• _Data excerpt_
^^^^

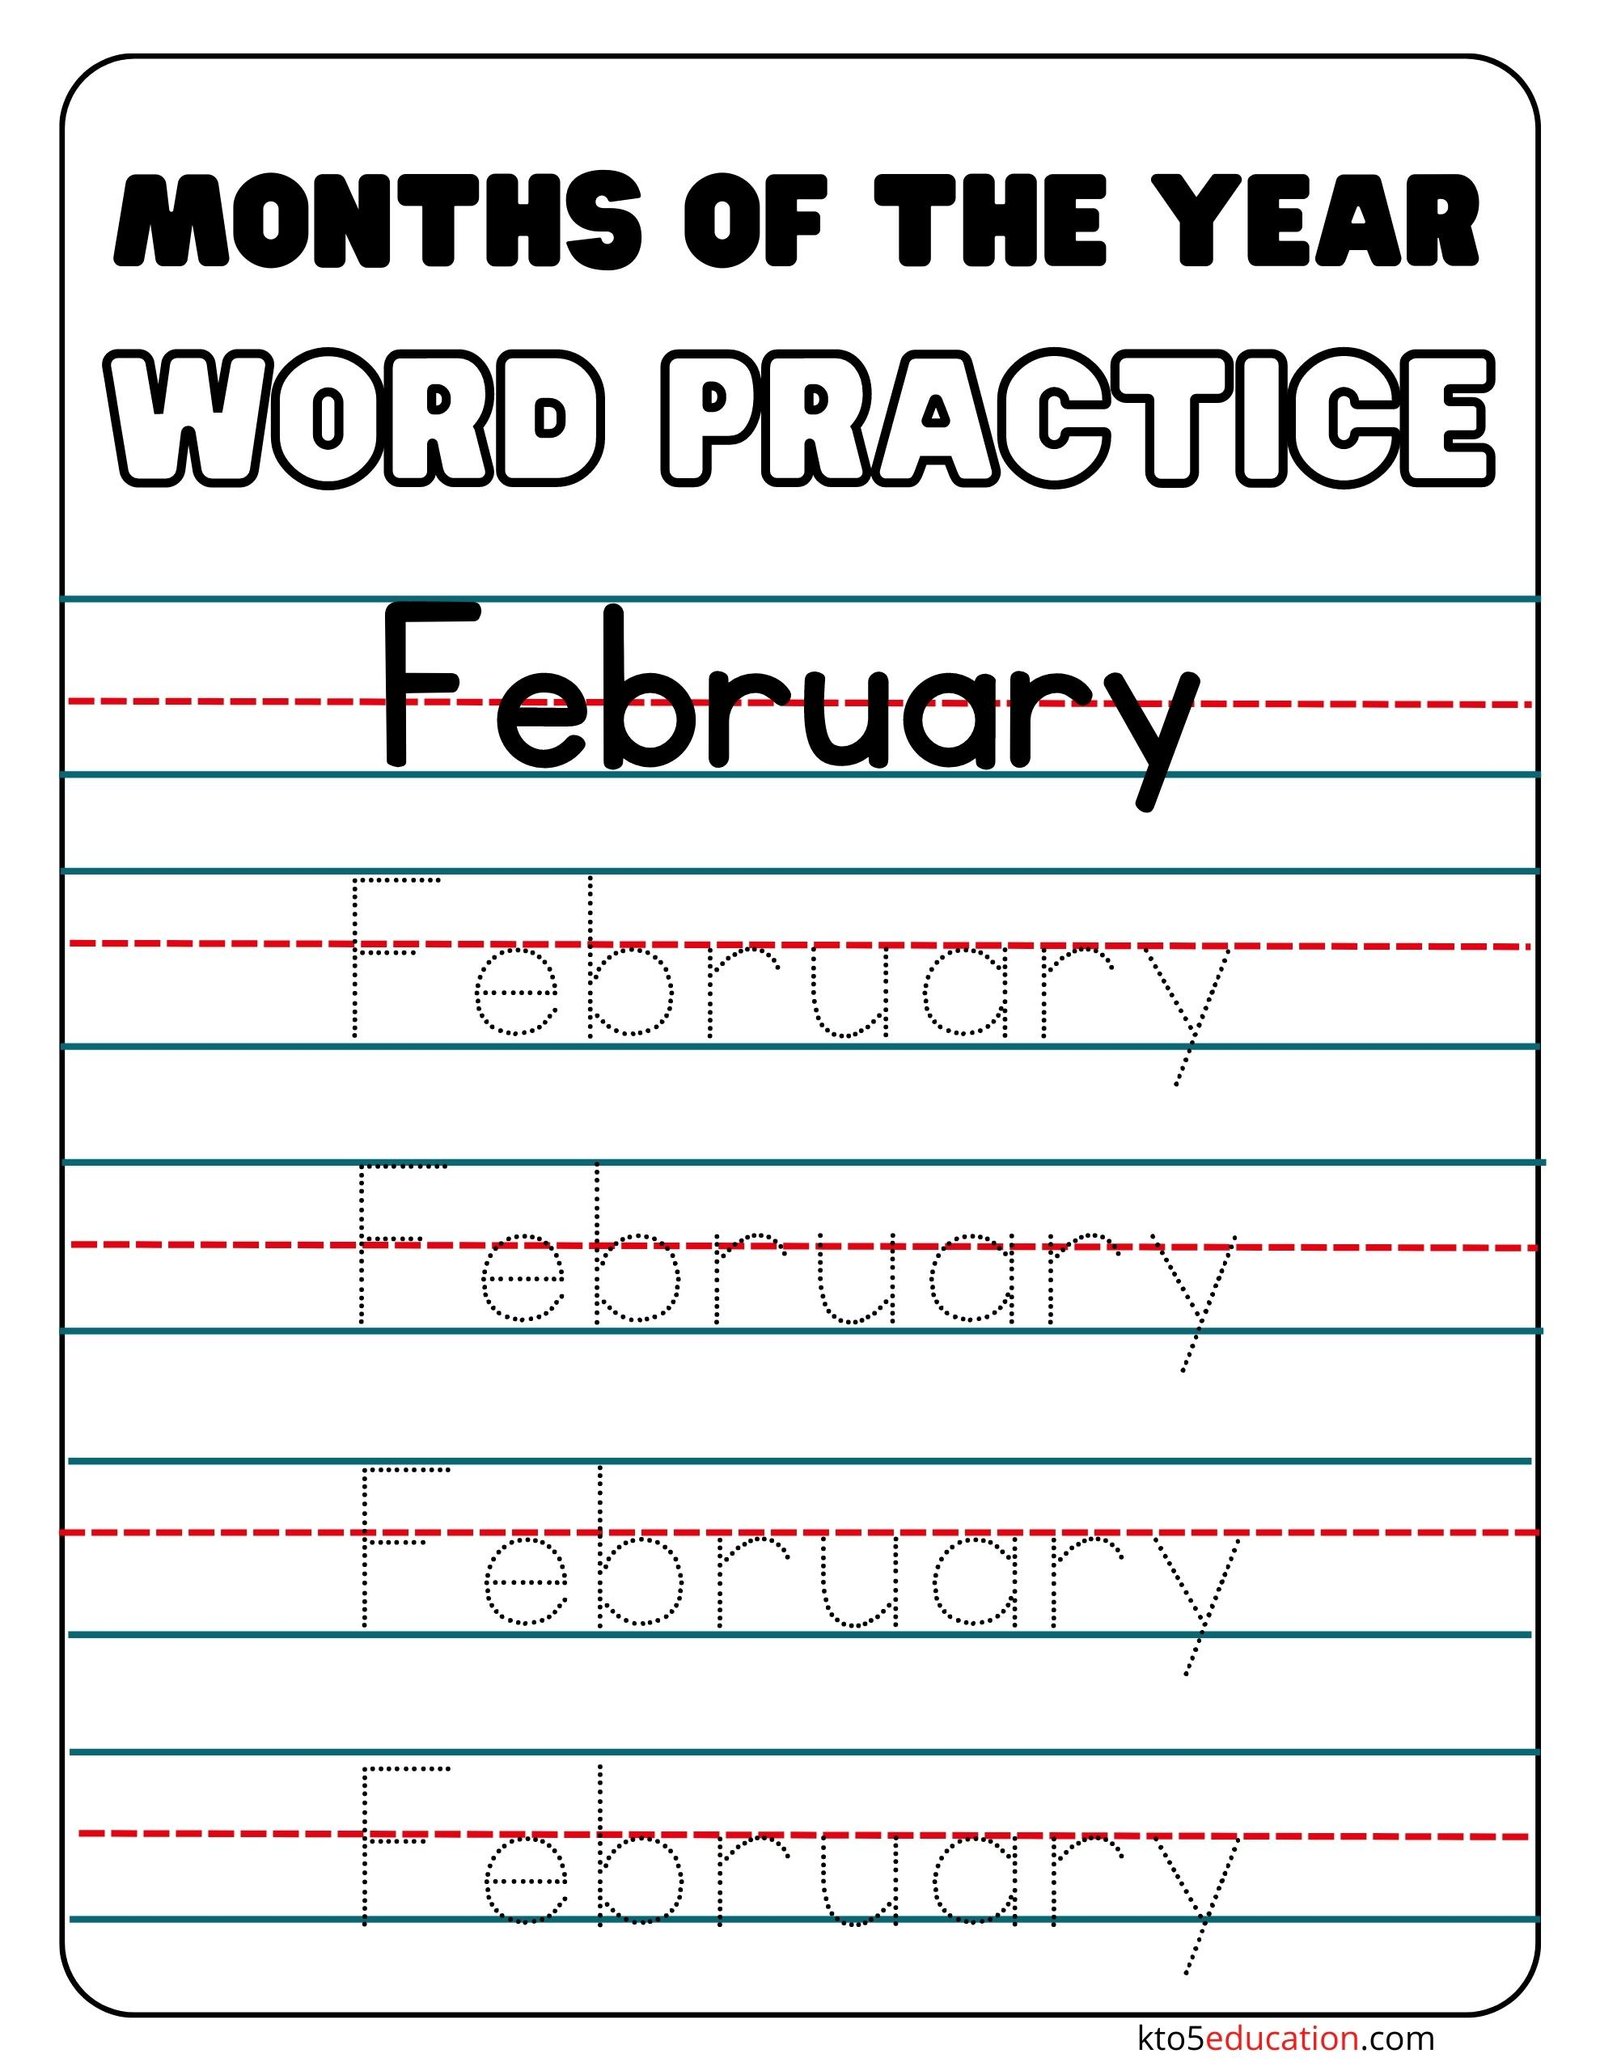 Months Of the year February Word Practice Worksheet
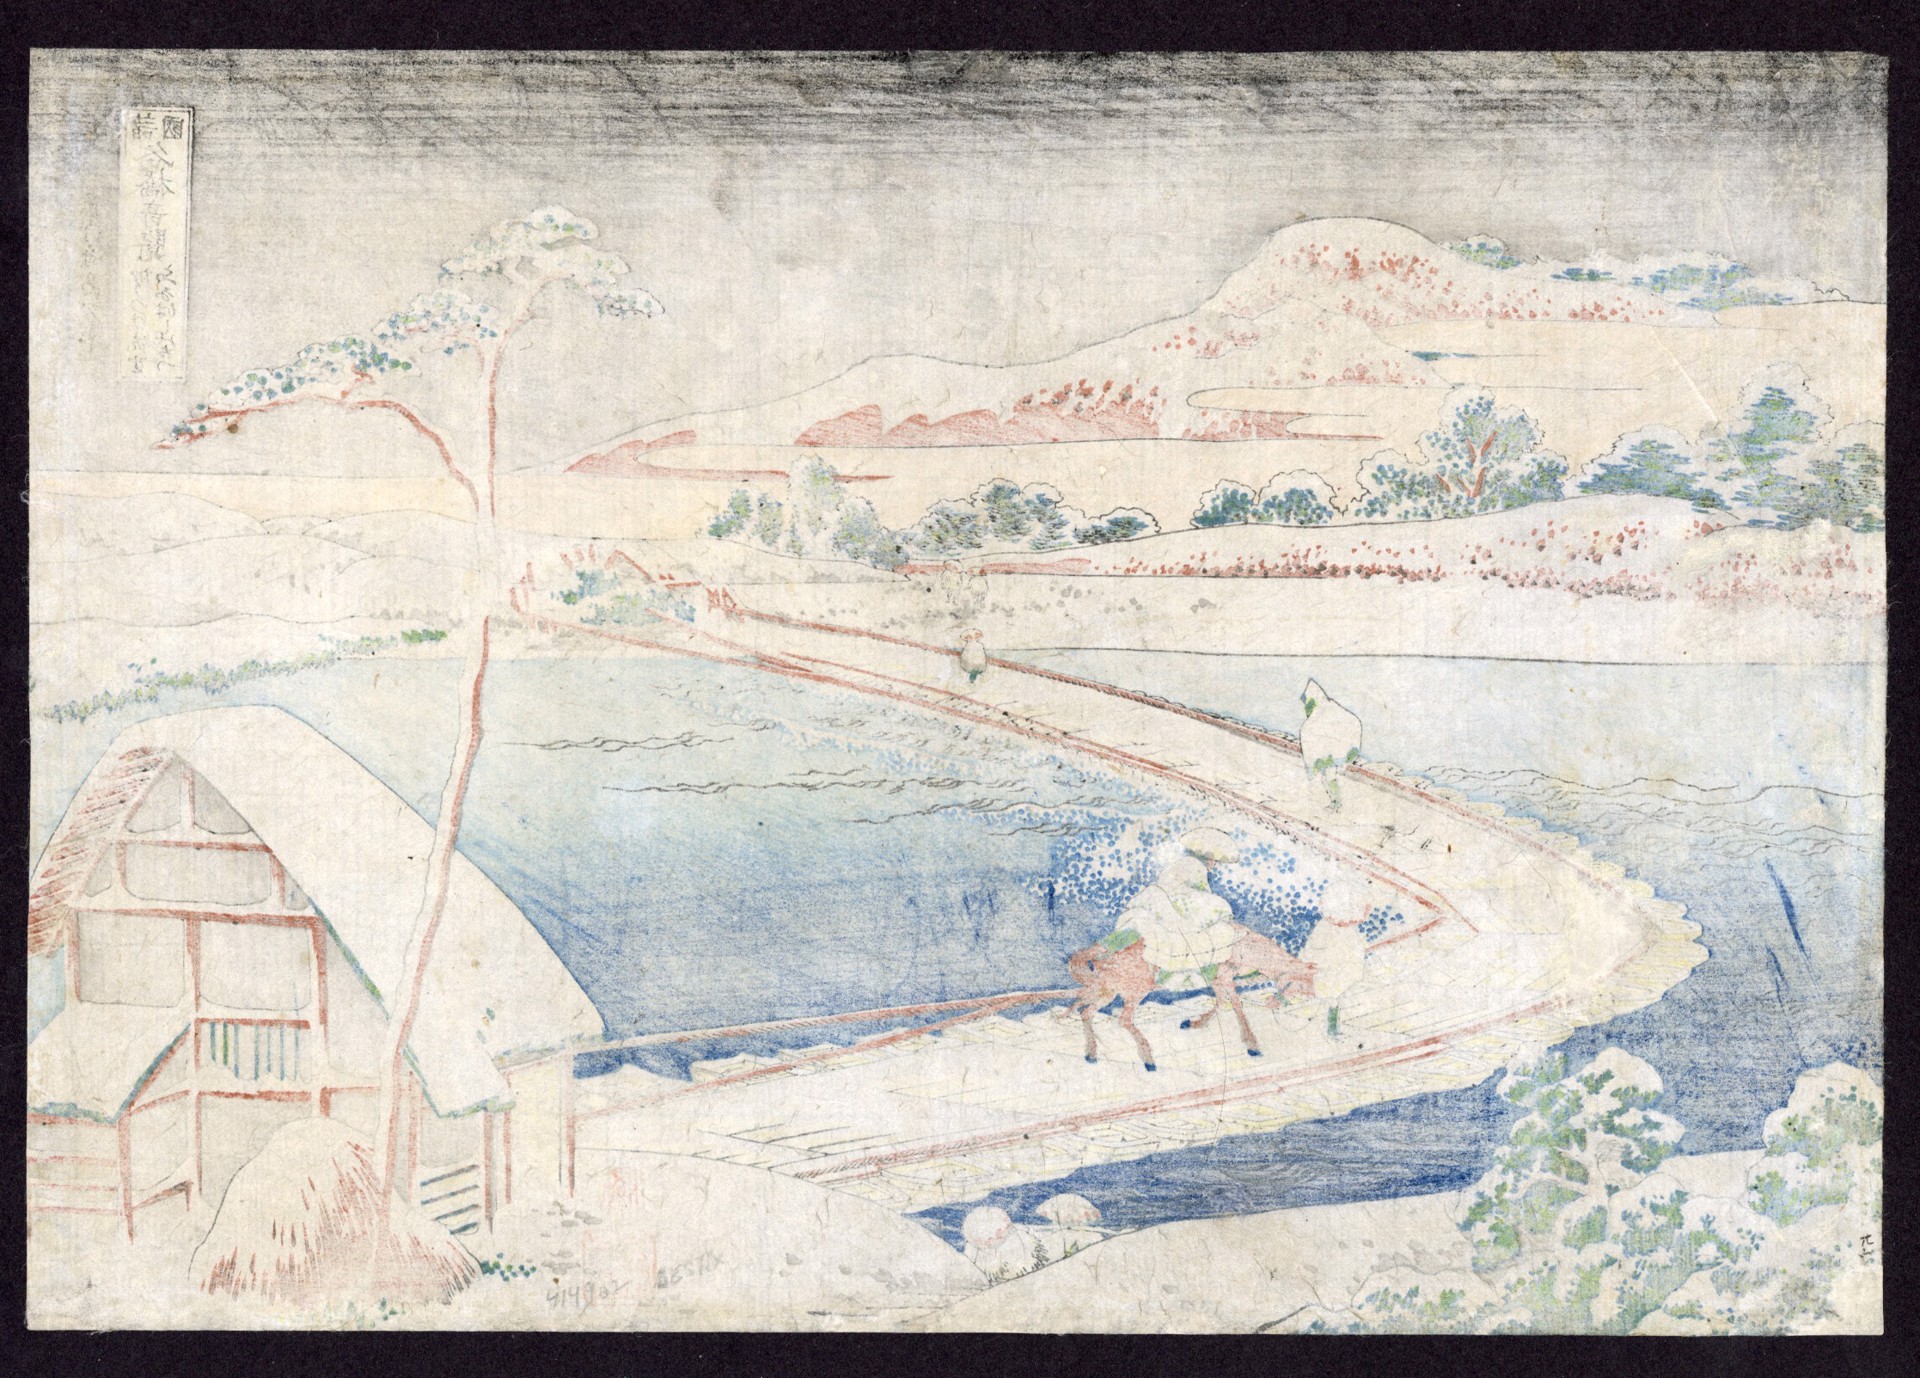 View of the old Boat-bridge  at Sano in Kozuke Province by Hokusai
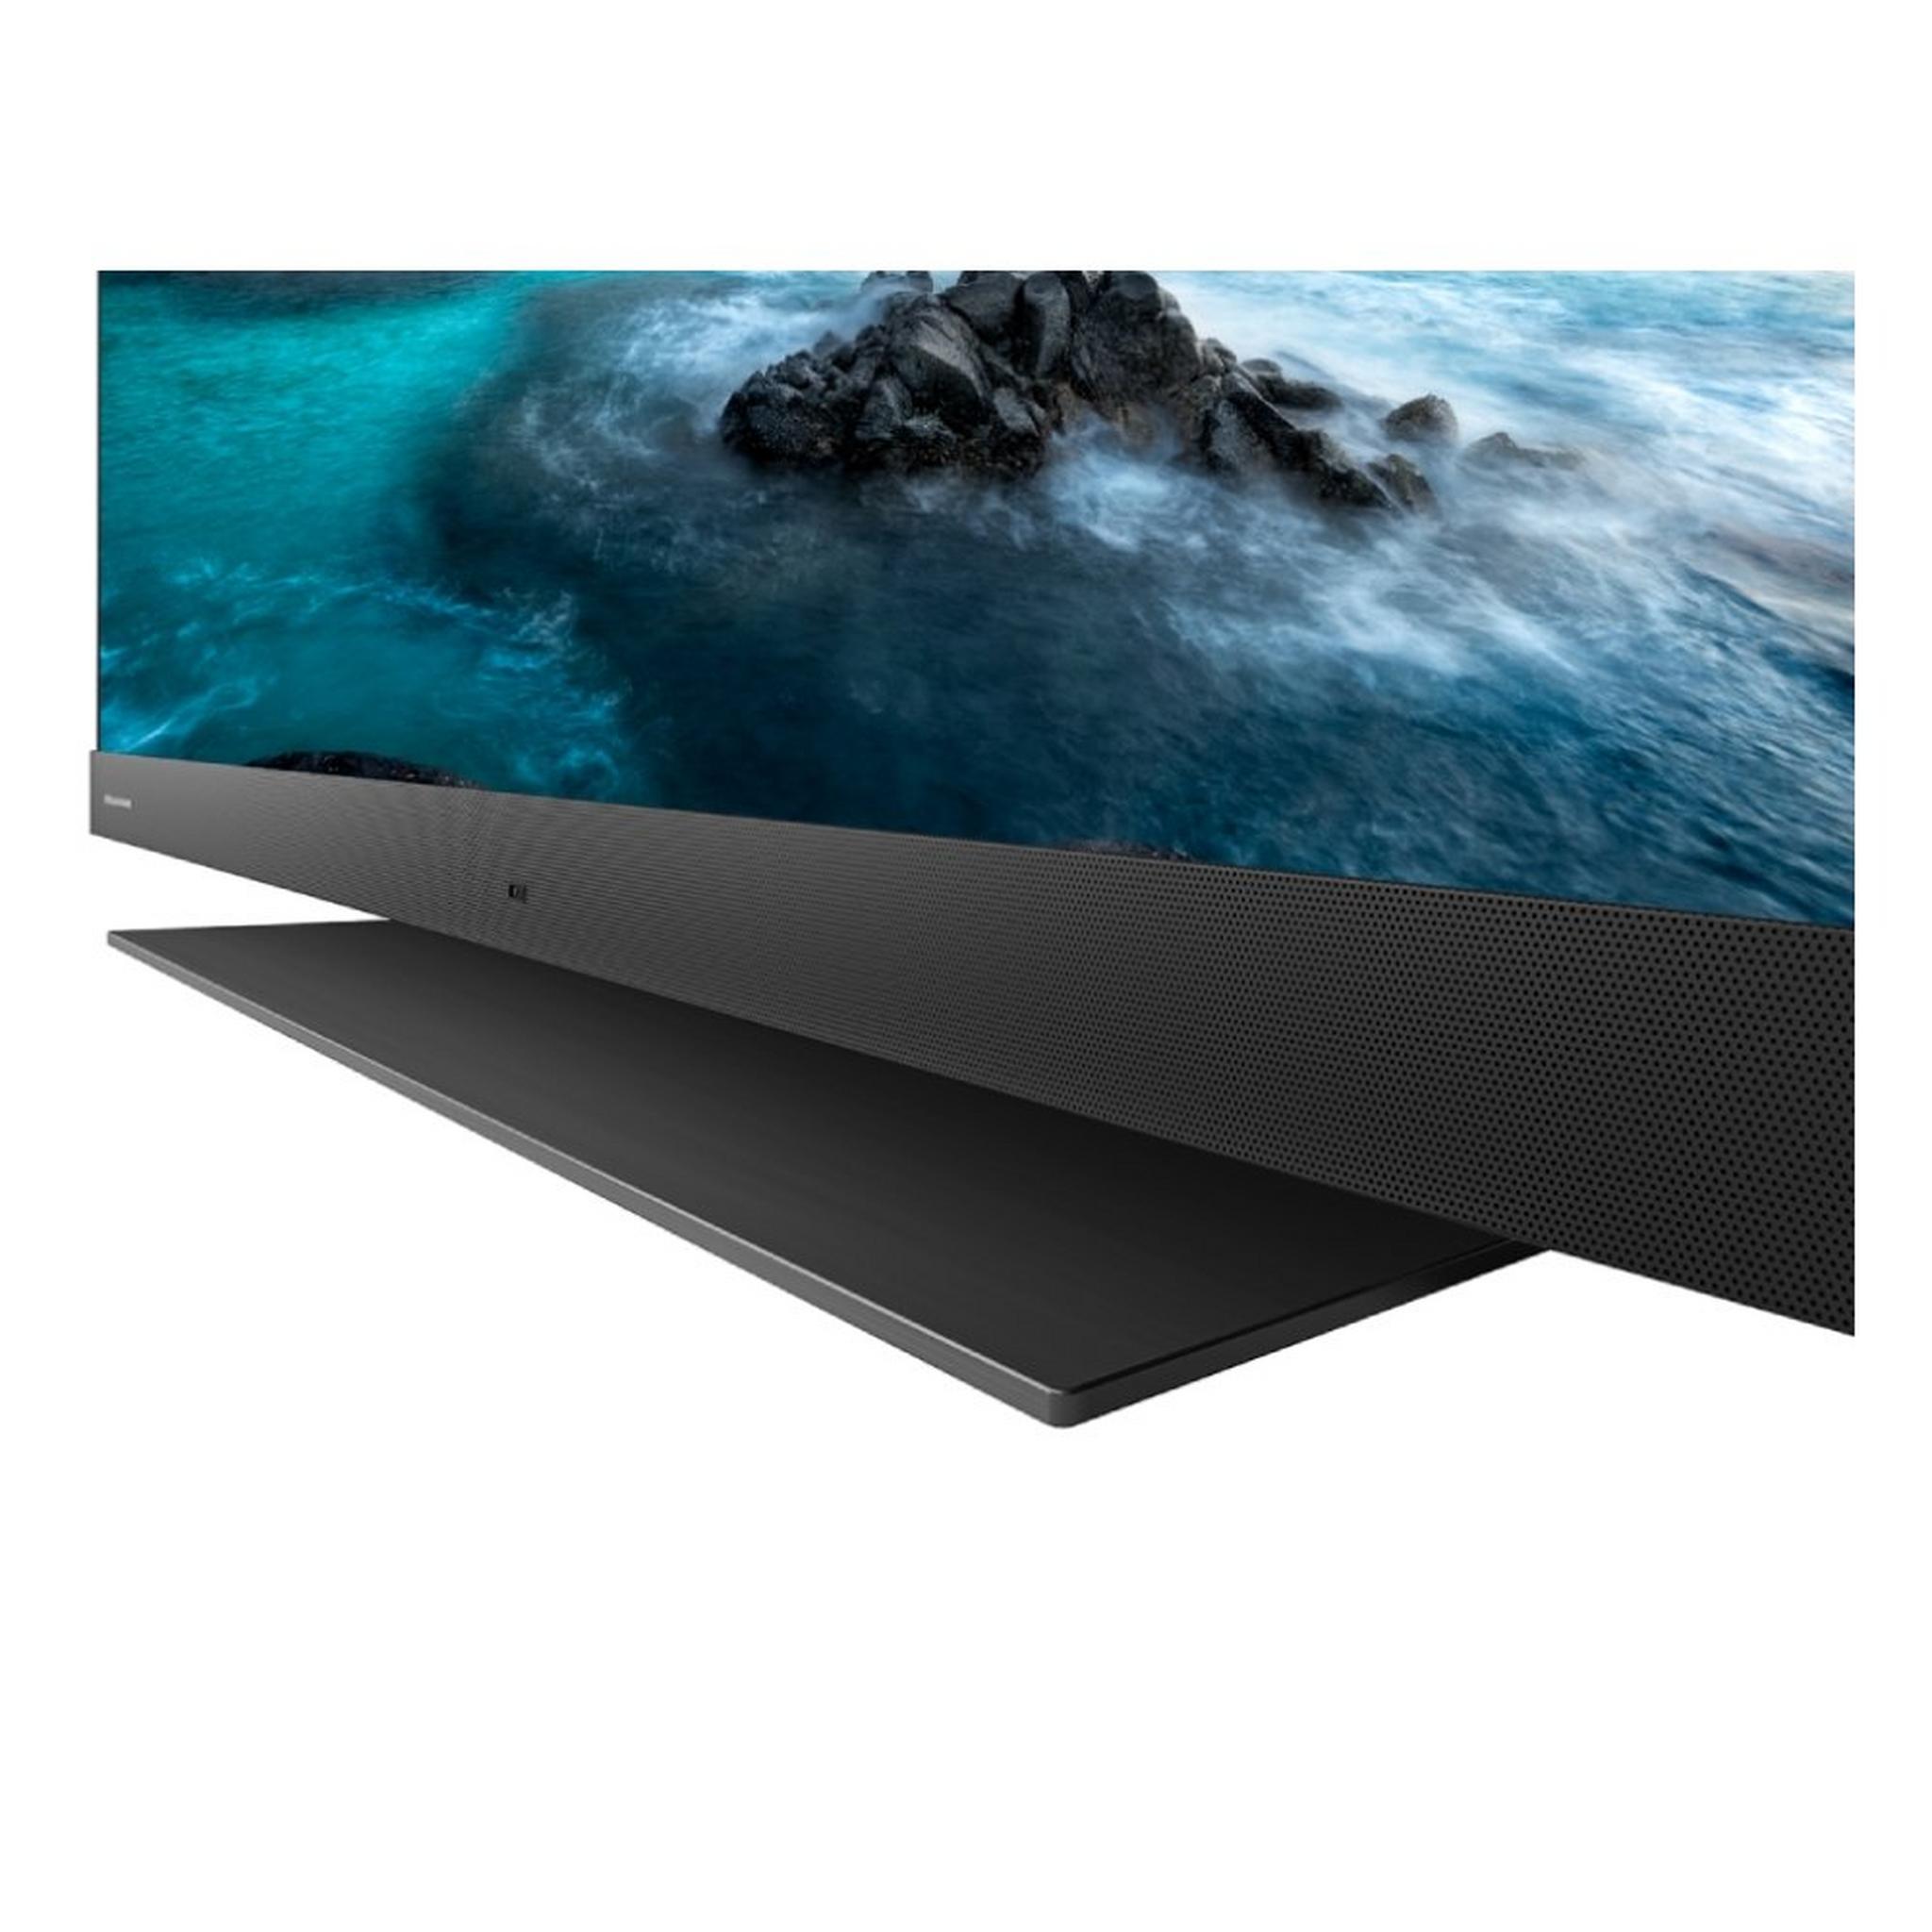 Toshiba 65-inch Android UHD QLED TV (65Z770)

^^^^

• _What the exercise asks_
Retype all of the listing word for word and skip the pictures.

• _Exercise result_
 Months Of the year February Word Practice Worksheet
 View of the old Boat-bridge  at Sano in Kozuke Province by Hokusai
 Toshiba 65-inch Android UHD QLED TV (65Z770)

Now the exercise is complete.